Google-parent Alphabet (GOOGL 0.35%) (GOOG 0.37%) is among the plethora of technology companies that will be reporting results as earnings season kicks into high gear next week. It's scheduled to release its third-quarter financial report after the market close on Monday, Oct. 28.

A surprising jump in ad sales in Q2 gave the search provider a much-needed jump-start, sending Alphabet more than 9% higher in the wake of its earnings. But even with those gains, the stock has barely kept pace with the broader market in 2019.

Can Alphabet continue the momentum that began last quarter, or were the positive results a one-off? Let's look at a few areas that investors should watch when the company reports earnings.

Building with the Google logo at night.

Image source: Google.

Revenue growth

Alphabet's second-quarter revenue grew to nearly $39 billion, up 19% year over year.
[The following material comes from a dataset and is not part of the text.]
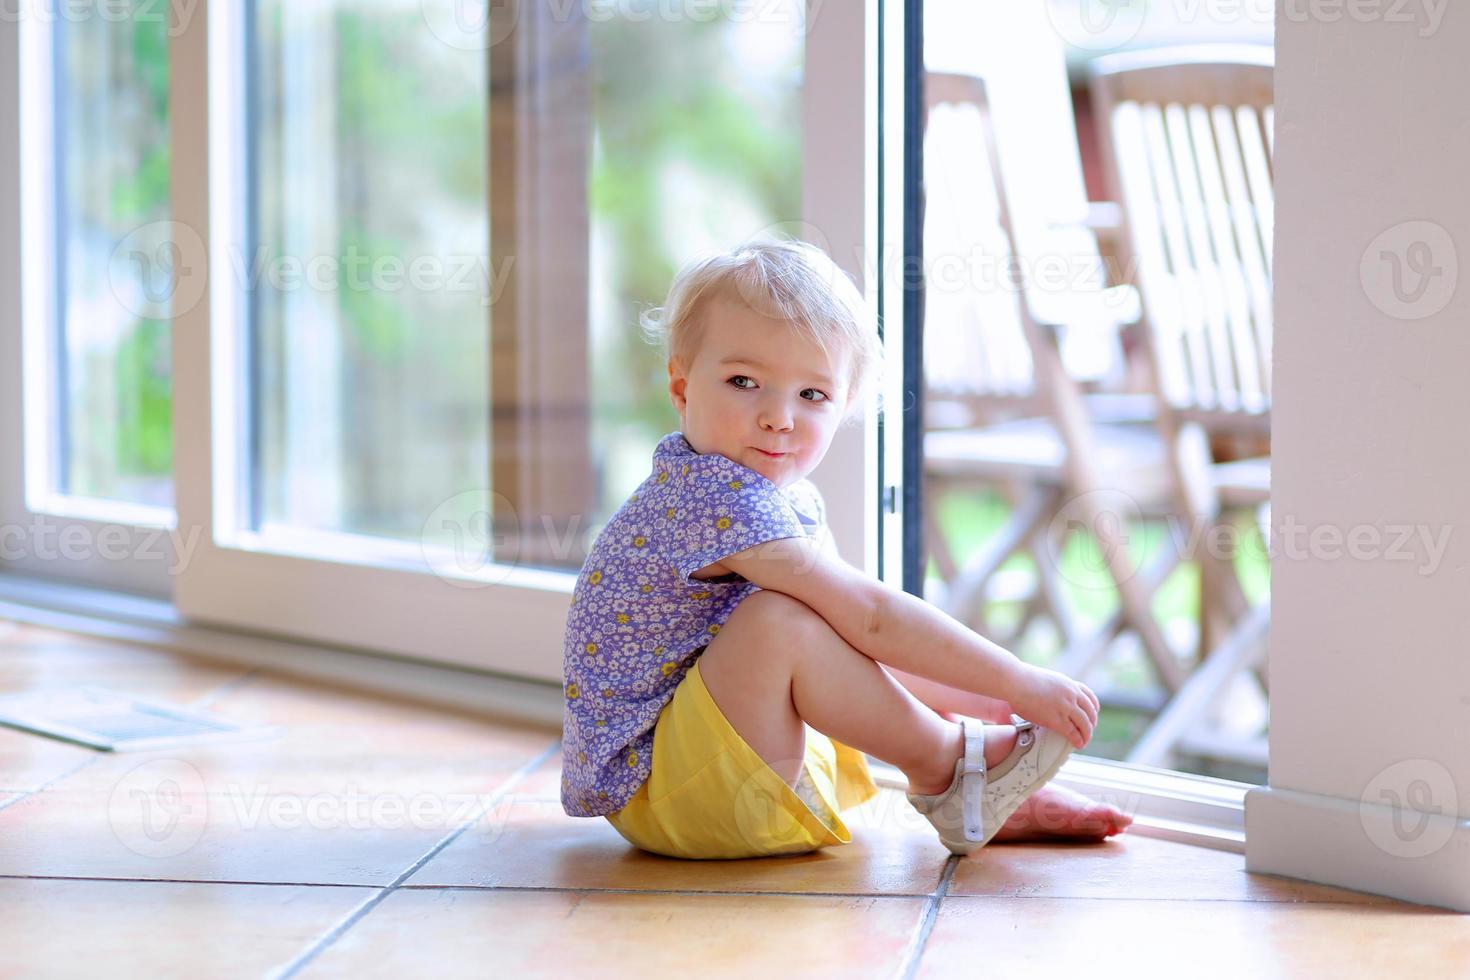 ragazza del bambino che mette le scarpe che si siedono sul pavimento accanto alla finestra foto
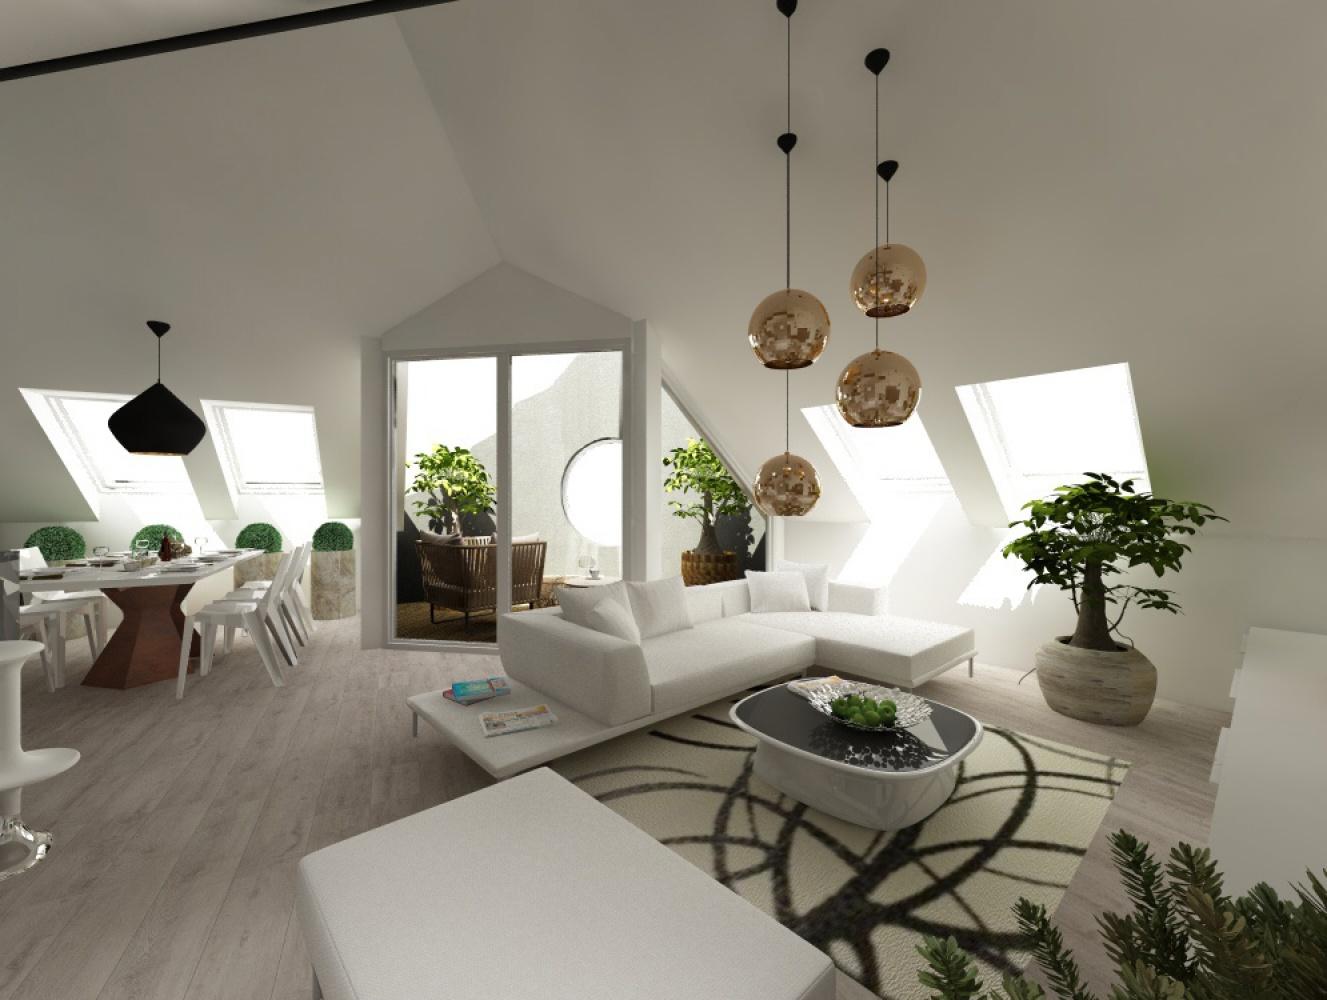 Půdní byt 5+kk, plocha 158 m², ulice Srbská, Praha 6 - Dejvice | 3

Ignoring the impact of currency exchange rates, it delivered growth of 22%. The results were substantially better than analysts' consensus estimates of $38.15 billion, and accelerated sequentially from 17% growth in the first quarter.

Wall Street is expecting more of the same. While management doesn't provide quarterly guidance, analysts' consensus estimates for the third quarter are calling for revenue of $40.33 billion, up 19% year over year -- similar to its performance last quarter -- so there is an expectation that the solid growth will continue.

Other revenue categories

While most of Alphabet's revenue is a result of Google's ad sales, there are two other categories the company hopes will eventually be able to move the needle, though they are small by comparison today.

The "other revenue" segment is home to many of these potential revenue drivers -- like cloud computing, Pixel phones, Nest cameras, Google Home, the Google Play Store, and other hardware. This segment boosted the Q2 results, as revenue of $6.18 billion grew 40% year over year, up from $4.43 billion. That accounted for 16% of Alphabet's total revenue for the quarter.

Google Cloud is the biggest contributor to "other revenue." Alphabet CEO Sundar Pichai boasted about cloud growth on the Q2 conference call, saying it had reached an annual revenue run rate of "over $8 billion, and continues to grow at a significant pace," though he declined to quantify it. The company is betting heavily on the segment, planning to triple the size of the sales force dedicated to its cloud business.

Another area of interest is "other bets," a catchall for Alphabet's high-risk, high-reward endeavors, including its self-driving car segment Waymo, Google Fiber, life-sciences division Verily, drone unit Wing, and balloon segment Loon. Currently the amount of revenue these ventures produce is negligible at $162 million, up 12% year over year. But any one of these early stage businesses could eventually be a huge profit generator, so the segment bears watching.

Traffic acquisition costs

One area that has frustrated investors in recent years is Google's traffic acquisition costs (TAC), or the amount the company pays to partners like Apple to direct users to Google's search engine. The growing trend toward mobile has caused these costs to spike, as mobile search and programmatic -- which have been the company's strongest growth areas -- generally carry higher TAC than desktop.

After several years of sizable increases, TAC as a percentage of revenue has begun to moderate, declining to 22% of Google's ad revenue in Q2, down from 23% in the prior-year quarter. Investors will be watching this metric to ensure it doesn't start to climb again.